The third layer is the daily or weekly quota, which sets the total budget for your usage over a longer period. For subscription users (Pro, Max), this manifests as the usage percentage shown on your dashboard and is measured against rolling windows — a five-hour rolling window for burst activity and a seven-day weekly ceiling introduced on August 28, 2025 (TechCrunch, July 2025). The dashboard percentage that reads "6%" reflects consumption against this daily ceiling only. A developer at 6% daily quota can simultaneously be at 100% of their TPM allocation for the current minute. This is the "burst within budget" problem that confuses nearly every Claude Code user at some point: the daily quota is generous enough to sustain hours of work, but the per-minute limits gate how fast that work can happen.

These three layers do not share a counter and do not interact. A generous daily budget does not help if per-minute throughput is too narrow for your workload.
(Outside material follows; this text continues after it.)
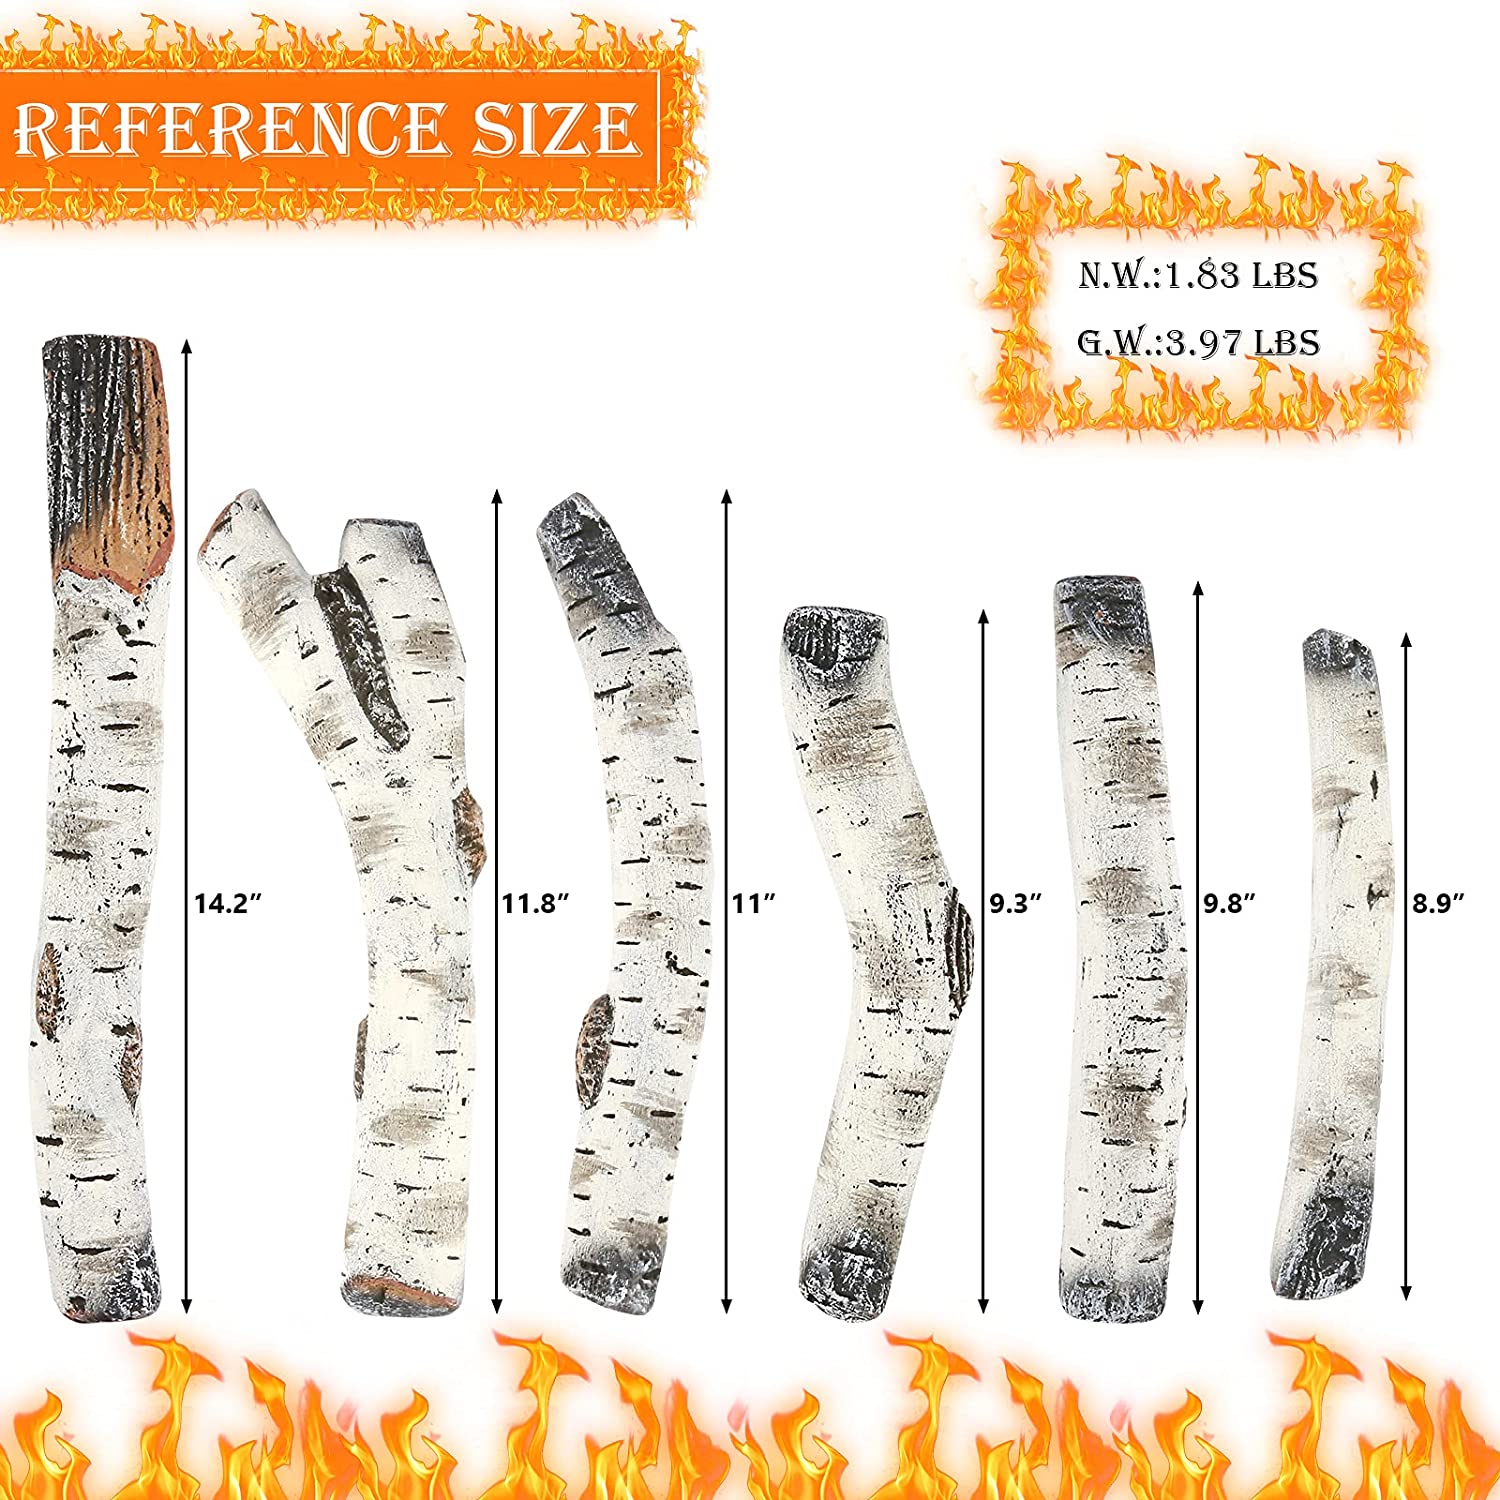 GrillPartsReplacement - Online BBQ Parts Retailer GAS Fireplace Logs, Ventless Ceramic Logs for GAS Fire Pits, 6 Pcs White Birch Wood Set, Electric, Propane GAS Fireplace Decorative Inserts

Conversely, having ample RPM and TPM headroom does not matter if you have exhausted your weekly quota. When you encounter a rate limit error, diagnosing which layer triggered it is the essential first step toward resolving it — because the fix for each layer is completely different. An RPM issue resolves with a brief pause or by spacing out commands. A TPM issue requires reducing context size or switching to a smaller model. A quota issue requires waiting for the reset window or upgrading your plan. Applying the wrong fix wastes time while the right one gets you back to coding within minutes.

For API users, there is an additional nuance worth understanding: rate limit headers accompany every API response, not just error responses. The anthropic-ratelimit-requests-remaining and anthropic-ratelimit-tokens-remaining headers tell you exactly how much capacity you have left before any limit triggers. Monitoring these headers proactively — before you hit a 429 — lets you implement intelligent throttling that avoids the disruption entirely.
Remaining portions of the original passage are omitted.